This article was published in Scientific American’s former blog network and reflects the views of the author, not necessarily those of Scientific American


When my daughter Ava was a few months old, my uncle presented us with a piece of paper that traced her lineage back 12 generations through the direct paternal line. I followed the names and hometowns backwards from New York City, where Ava was born, to Toronto, where my family lives, to the small towns in Ontario and upstate New York where Jeremiahs, Jacobs and Abrahams had lived and died over four centuries. Finally the list ended, or rather began, in New Amsterdam, where our ur-ancestor came ashore in the 1620s. My uncle gave the year of his birth, in the Netherlands as 1607, 400 years before Ava’s birth in 2007. His name was Abraham Pieterszen.
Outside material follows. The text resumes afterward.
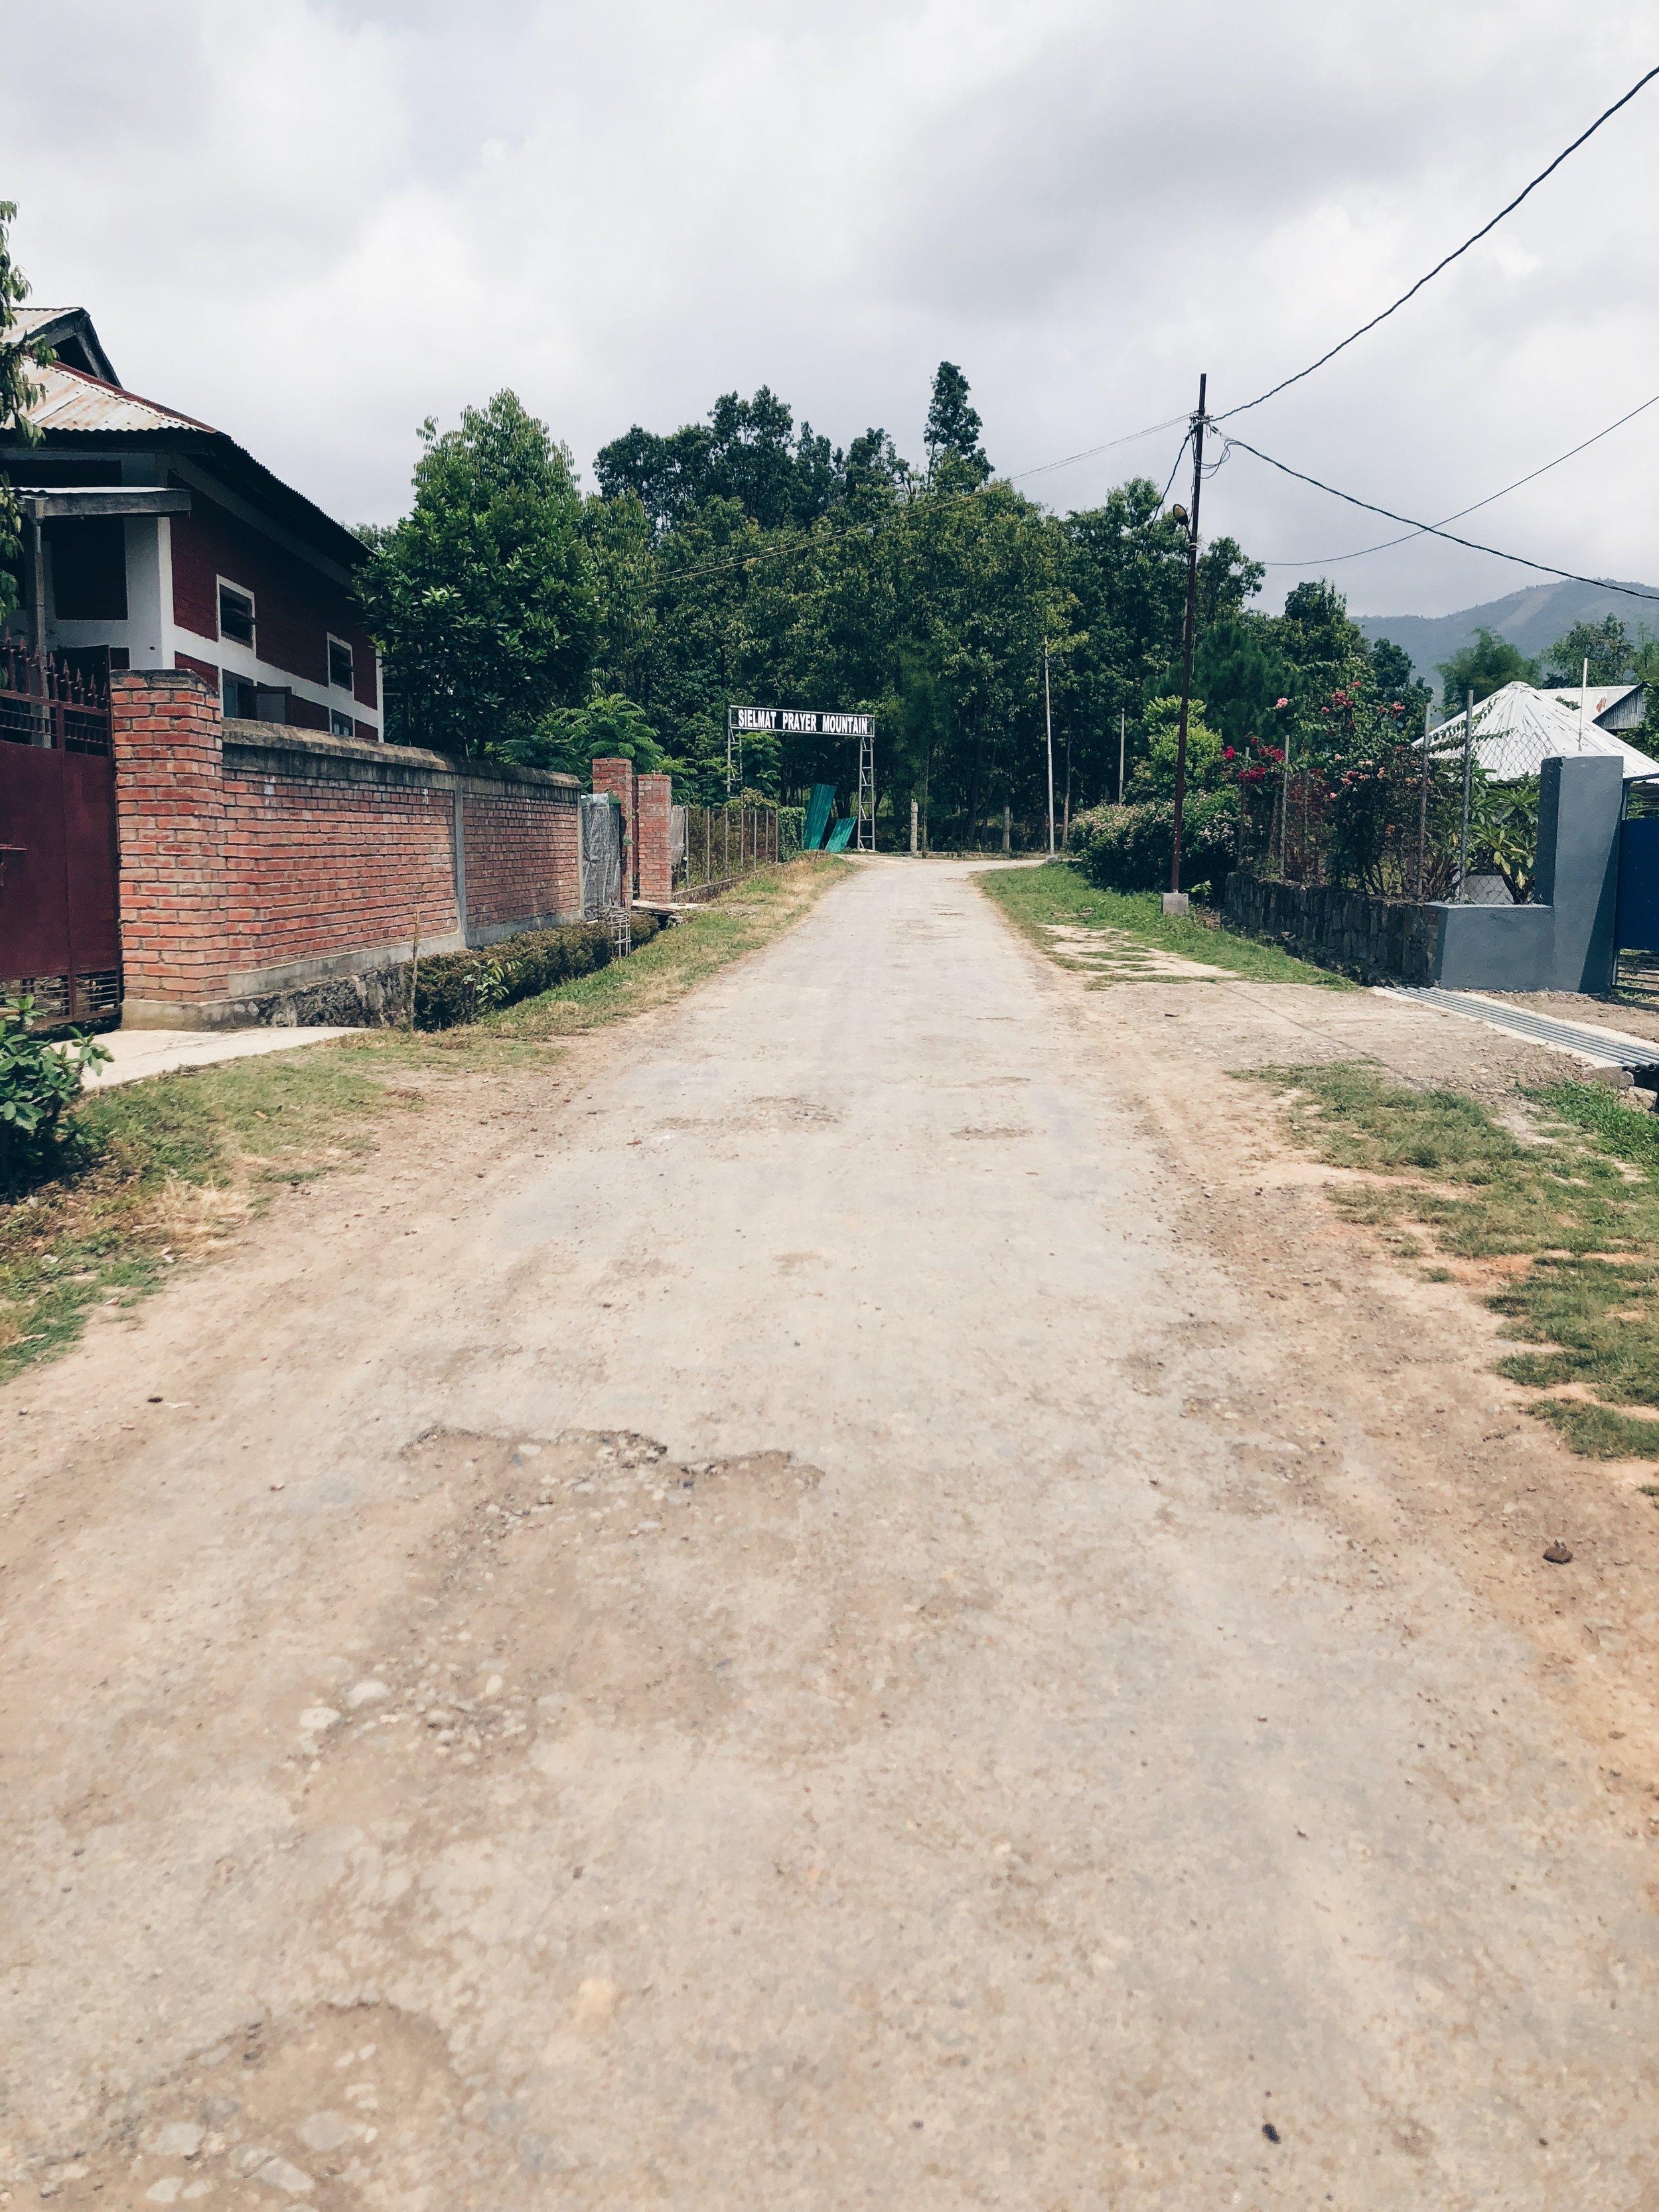 The main road through Sielmat that leads to Prayer Mountain

In July of this year, The New York Times ran an elaborate feature story celebrating Abraham the miller, whose descendents took on the surname Van Dusen. Here was The Paper of Record validating our direct ancestor, the forebear of two presidents – Martin van Buren and Franklin Delano Roosevelt – and the patriarch to one of the original New York dynasties. It felt, briefly, like getting an invitation to Hyannis Port for a Kennedy family reunion. I received congratulatory emails from friends: "I didn’t know you descended from such prominent stock," wrote one. Another announced, "I can’t believe how important you are."

Upon reflection, I’m not.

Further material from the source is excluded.